That’s all that remains from a failed experiment to assign every student a laptop at Hoboken Junior Senior High School. It began five years ago with an unexpected windfall of stimulus money from Washington, D.C., and good intentions to help the district’s students, the majority of whom are under or near the poverty line, keep up with their wealthier peers. But Hoboken faced problem after problem and is abandoning the laptops entirely this summer.
“We had the money to buy them, but maybe not the best implementation,” said Mark Toback, the current superintendent of Hoboken School District. “It became unsustainable.”
None of the school administrators who initiated Hoboken’s one-to-one laptop program still work there. Toback agreed to share Hoboken’s experiences so that other schools can learn from it.
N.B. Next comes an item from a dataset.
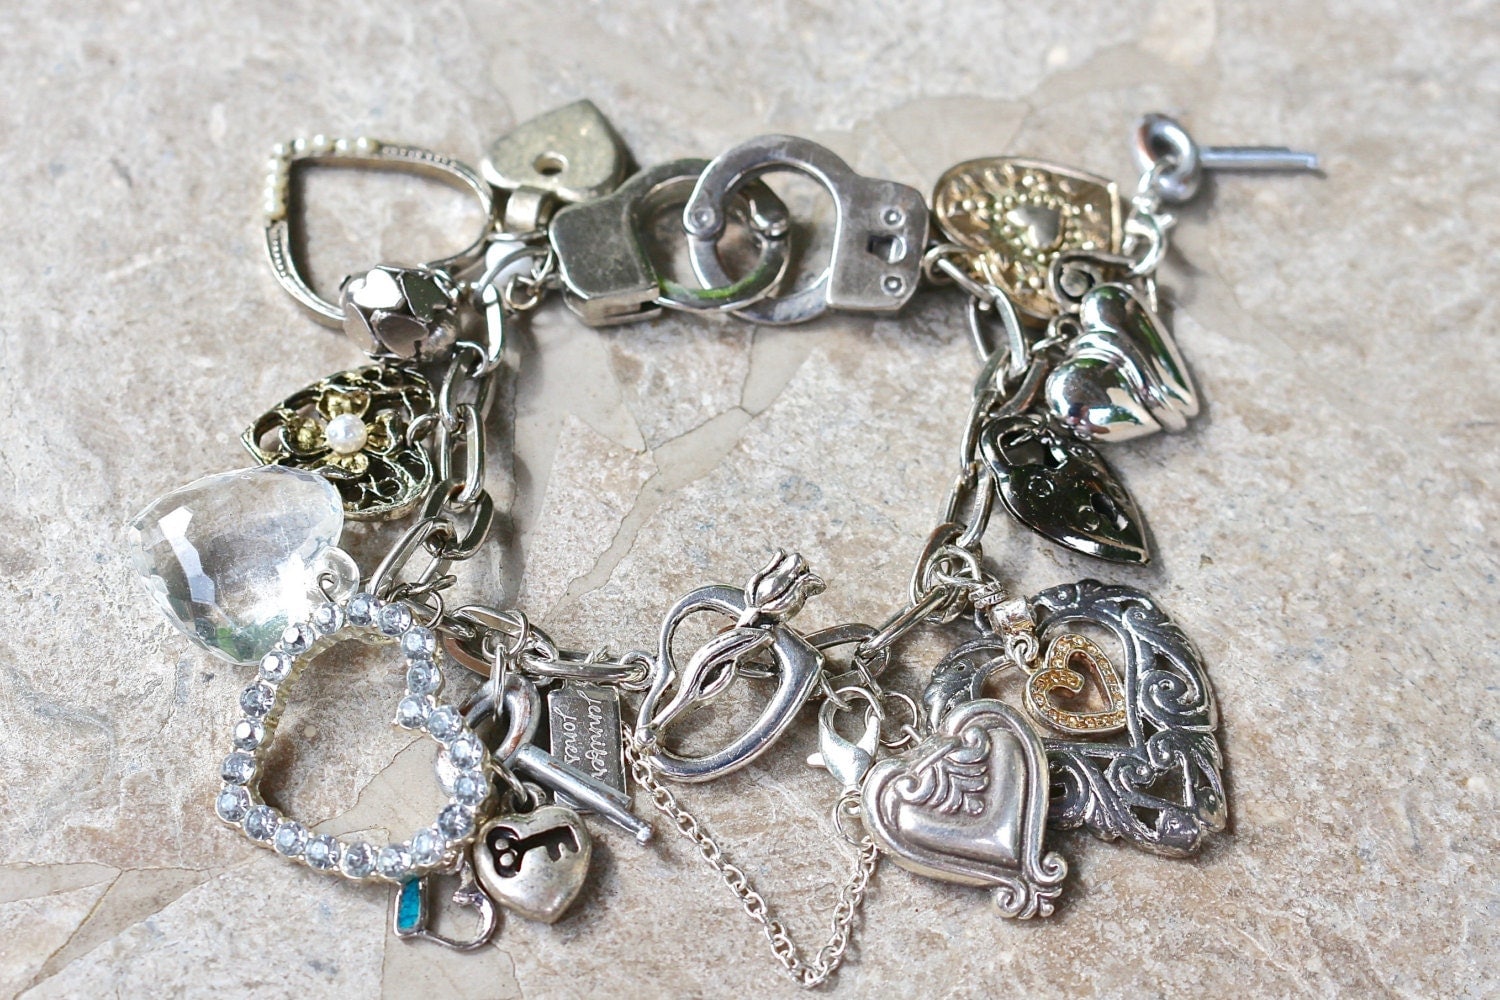 Vintage Charm Bracelet upcycled charms toy by JenniferJonesJewelry

Despite tight budgets, superintendents and principals around the country are cobbling together whatever dollars they can to buy more computers for their classrooms. This year alone, schools are projected to spend almost $10 billion on education technology, a $240-million increase from 2013, according to the Center for Digital Education. Educational technology holds the promise of individualizing instruction, and some school systems, like Mooresville, N.C., and Cullman, Ala., have shown impressive student learning gains. But districts like Los Angeles and Fort Bend, Texas, which jumped on the tech trend without careful planning, had problems when they gave a laptop or tablet to every student and are scrapping them, too.